What is the difference between return and expected return?

3

At a time step $t$, for a state $S_{t}$, the return is defined as the discounted cumulative reward from that time step $t$.

If an agent is following a policy (which in itself is a probability distribution of choosing a next state $S_{t+1}$ from $S_{t}$), the agent wants to find the value at $S_{t}$ by calculating sort of "weighted average" of all the returns from $S_{t}.$ This is called the expected return.

Is my understanding correct?

digi philos

Posted 2019-06-30T15:12:14.500

Reputation: 31

Answers

0

Formally, the return (also known as the cumulative future discounted reward) can be defined as

$$ G_t = \sum_{k=0}^\infty \gamma^k R_{t+k+1}, $$

where $0 \leq \gamma \leq 1$ is the discount factor and $R_{i}$ is the reward at time step $i$. Here $G_t$ and $R_i$ are considered random variables (and r.v.s are usually denoted with capital letters, so I am using the notation used in the book Reinforcement Learning: An Introduction, 2nd edition).

The expected return is defined as

\begin{align} v^\pi(s) &= \mathbb{E}\left[G_t \mid S_t = s \right] \\ &= \mathbb{E}\left[\sum_{k=0}^\infty \gamma^k R_{t+k+1} \bigm\vert S_t = s \right] \end{align}

In other words, the value of a state $s$ (associated with a policy $\pi$) is equal to the expectation of the return $G_t$ given that $S_t = s$, so $v^\pi(s)$ is defined as a conditional expectation. Note also that the expected value is usually defined with respect to a random variable, which is the case. Note also that $S_t$ is a random variable, while $s$ is a realization of this random variable.

A policy is not a probability distribution of choosing the next state. A stochastic policy is a family of a conditional probability distribution over actions given states. There are also deterministic policies. Have a look at this question What is the difference between a stochastic and a deterministic policy? for more details about the definition of stochastic and deterministic policies.

If an agent is following a policy, the agent wants to find the value at $S_{t}$ by calculating sort of "weighted average" of all the returns from $S_{t}.$ This is called the expected return.
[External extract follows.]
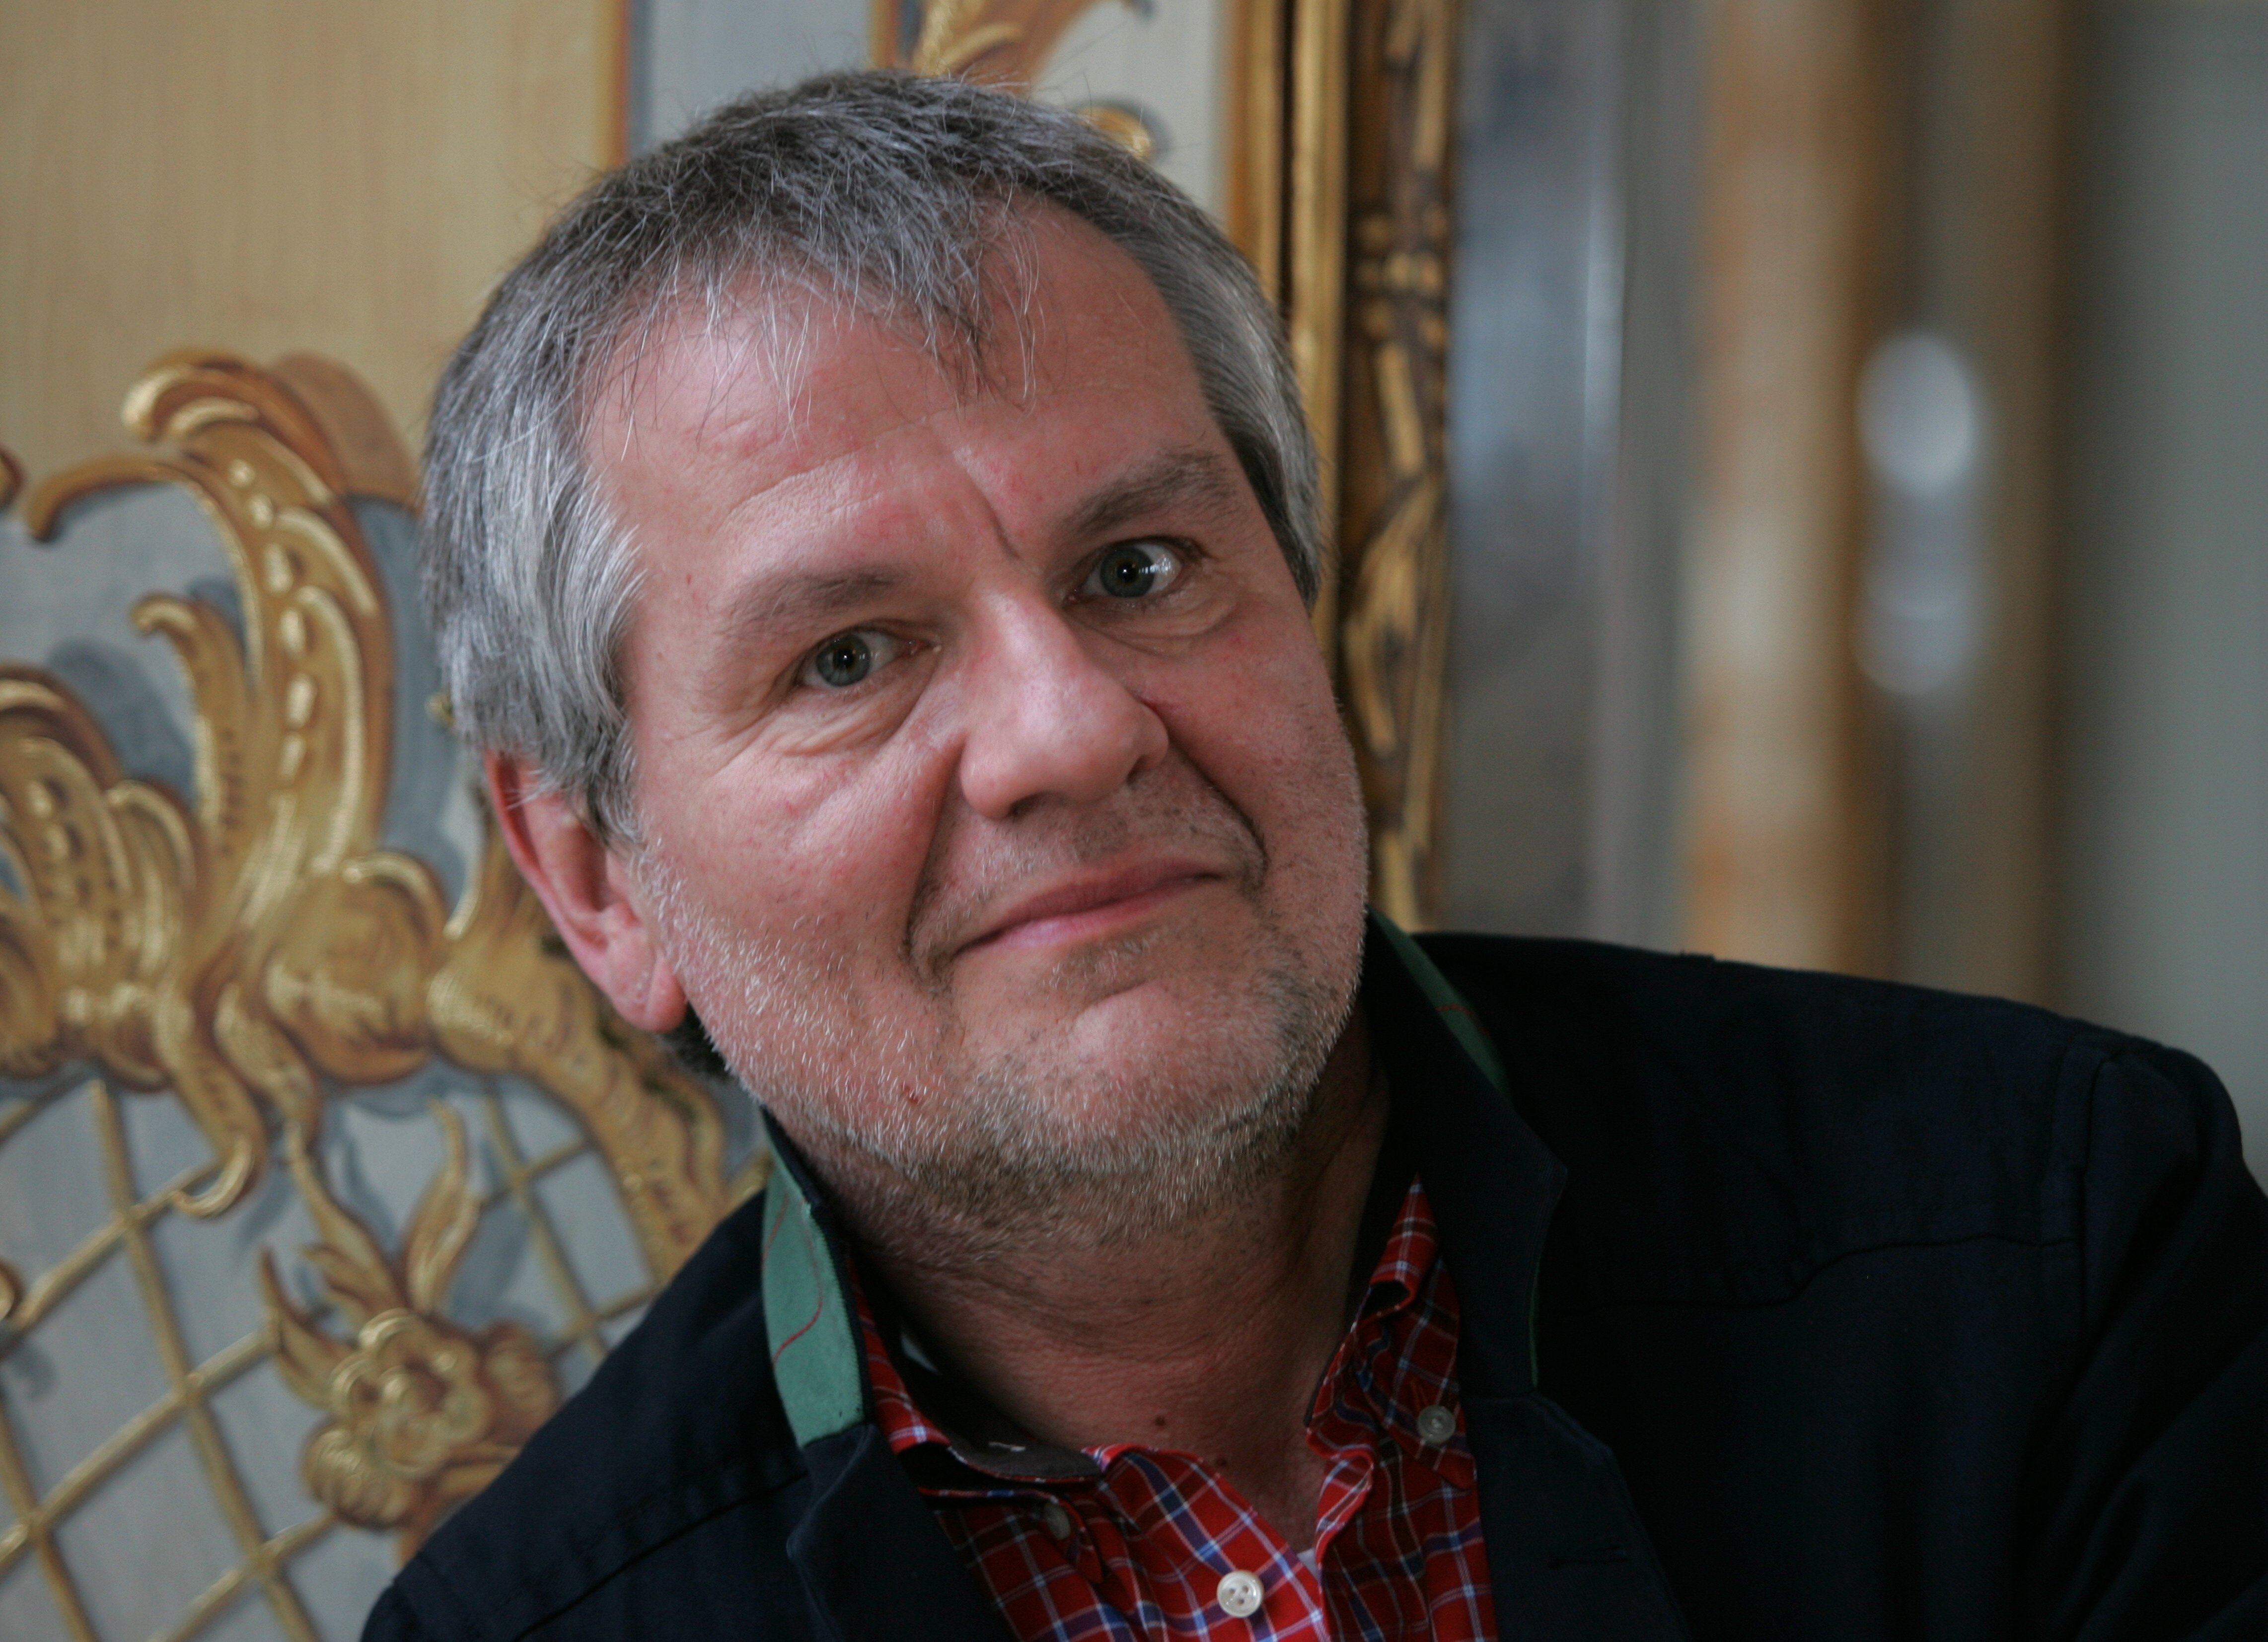 Reinhard Goebel

In the case of Monte Carlo Prediction, the value of a state associated with a specific policy, that is, the expected value of the return given a state is approximated with a finite (weighted) average. See e.g. What is the difference between First-Visit Monte-Carlo and Every-Visit Monte-Carlo Policy Evaluation?. Furthermore, note that the expectation of a discrete random variable is defined as a weighted average. However, the return is not a discrete random variable, but, in general, it is a continuous one.

nbro

Posted 2019-06-30T15:12:14.500

Reputation: 19 783

2It would help the OP I think if you more carefully differentiate and explain the difference between random distributions (usually noted with capital letters e.g. $R_t$) and data/observations (usually noted with lower-case letters e.g. $r_t$). The notation you are currently using in this answer is very loose in that regard – Neil Slater – 2019-06-30T16:33:06.557

0

You're correct, the return is the discounted future reward from the one iteration while the expected return is averaged over a bunch of iterations.

lzl

Posted 2019-06-30T15:12:14.500

Reputation: 101